🍃 12 - Apartment

242 40 6
                                    

12 - Apartment

Keadaan Resya sudah jauh lebih baik setelah makan bubur dan minum obat yang disiapkan Jihan. Awalnya ia memaksa akan berangkat kuliah karena tak mau mati kebosanan di apartmen, tapi Jihan melarang dan mengancam tidak akan merawatnya lagi jika nanti ia kembali sakit.

Apartmen terasa sepi tanpa seseorang yang menemani. Resya bangkit dari tidurnya. Ia haus dan botol minum di kamarnya sudah kosong.

Ia melirik jam dinding di ruang tengah membuatnya mendesah kecewa karena Jihan masih lama di kampus. Resya yakin dirinya akan mati kebosanan jika hanya diam di dalam kamar.

Selain haus Resya juga mulai lapar. Ia membawa gelas minumnya ke sofa lalu menyalakan TV meski tak ada tayangan menarik di dalamnya.

"Bosen banget!"

Pada akhirnya Resya kembali ke kamar. Mungkin rebahan sambil main handphone akan sedikit mengusir rasa bosannya.

Kalau dipikir-pikir sakit tidak seburuk itu. Resya bisa beristirahat dari kesibukannya sebagai mahasiswa walau dengan kepala pening dan badan yang terasa panas. Ia juga bisa tidur nyenyak saat malam hari tanpa perlu memikirkan tugas, dan yang paling penting mimpinya tentang Aresh tadi malam terasa sangat nyata.

"Gue kangen sama om Aresh, tapi gak punya alasan buat ketemu huaa!" Ia menendang selimut dengan kakinya. Saat ia berguling ke samping, ada sesuatu yang aneh.

"Kok kaya wangi parfumnya om Aresh ya?" Ia mengendus space kosong di sampingnya.

"Iya deh, ini kaya wangi om Aresh, apa Arkha pake parfumnya om Aresh ya?"

Saat masih sibuk memikirkan tentang Aresh suara bel apartmen berbunyi. Tadi pagi Arkha menanyakan keadaannya dan berkata akan membawakan cemilan kesukaannya jika datang menjenguk. Tapi jam segini harusnya Arkha masih di kampus.

Resya memilih mengabaikan tamu tak diundang itu. Mungkin saja hanya orang iseng. Jika itu Arkha, pasti pemuda itu akan menelponnya. Jika itu Jihan, pasti langsung masuk tidak mungkin repot-repot menekan bel, toh Jihan tahu password apartmen mereka.

Tapi sepertinya itu memang bukan orang iseng, terbukti bel kembali berbunyi. Dengan segenap tenaga yang tersisa Resya berjalan membuka pintu. Dirinya harus dibuat terkejut mendapati seseorang tak terduga berdiri di depan pintu.

"Kak Ardan?"

"Hallo Caca, apa kabar?"

"Aku ba---" Resya yang semula menyapa semangat mendadak lesu. "Aku lagi sakit, Kak ini baru mendingan."

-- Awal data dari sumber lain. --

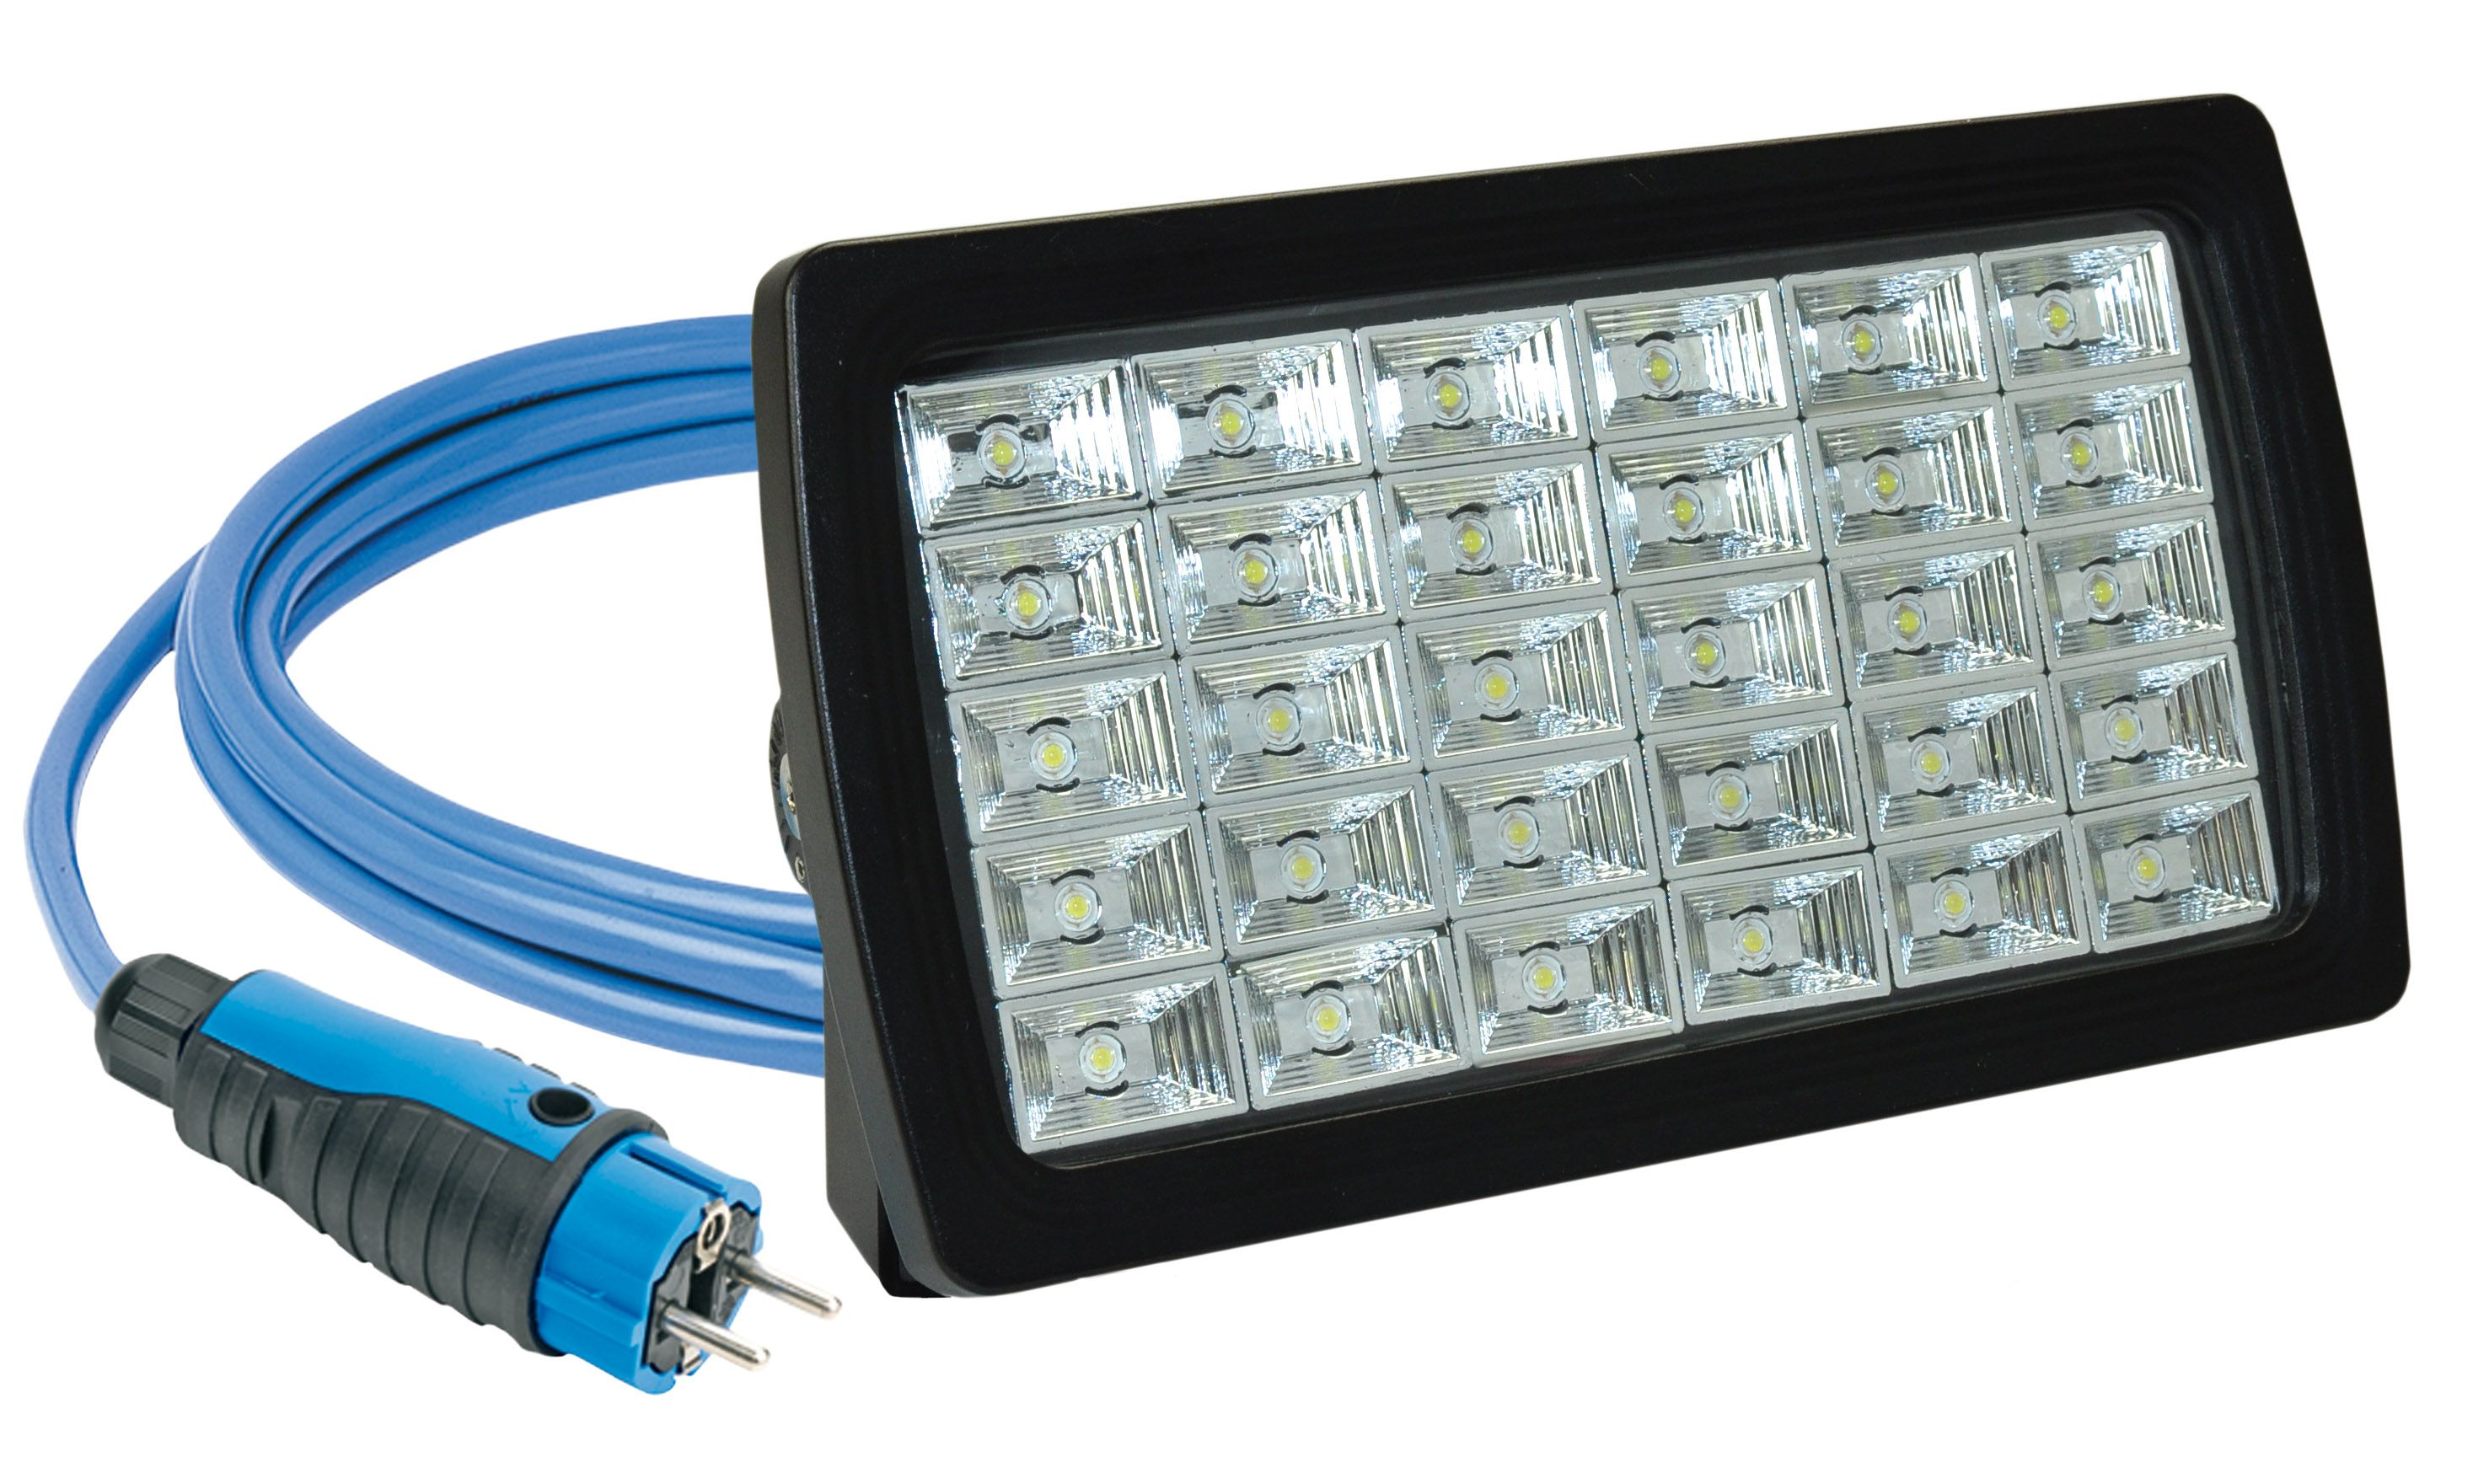 Stoere Energiezuinige Lampen : W led straler energiezuinige led armaturen en lampen

"Bagus kalau udah mendingan. Oh iya, saya bawain makanan buat kalian." Ardan mengangkat paperbag di tangannya.

"Wah, kebetulan aku lagi laper sih, Kak hehe ... masuk, Kak!"

Tanpa diminta, Ardan langsung ke dapur untuk mengambil piring makan dan meletakan makanan yang ia bawa di meja.

"Mau makan di sini apa sambil nonton TV, Ca?" tanyanya sedikit agak keras agar terdengar oleh Resya yang kini duduk di sofa depan TV.

"Boleh minta tolong bawa ke sini gak, Kak?"

Ardan membawa makanannya ke meja depan.

"Udah lama banget gak mampir, Kak. Sibuk banget ya ngurusin pasien?" tanya Resya basa-basi.

Ardan terkekeh pelan. "Lumayan sibuk, Ca. Ini juga nyari waktu pengen mampir ke sini nengokin kamu."

Resya menatapnya tak enak hati. Ia pikir Jihan tak memberitahu Ardan tentang keadaannya.

"Coba sini saya periksa." Ardan menempelkan punggung tangannya di dahi Resya. Memeriksa suhu tubuh yang lebih muda.

"Aku gak papa, Kak cuman kecapekan aja kayanya, sama lupa makan siang kemarin."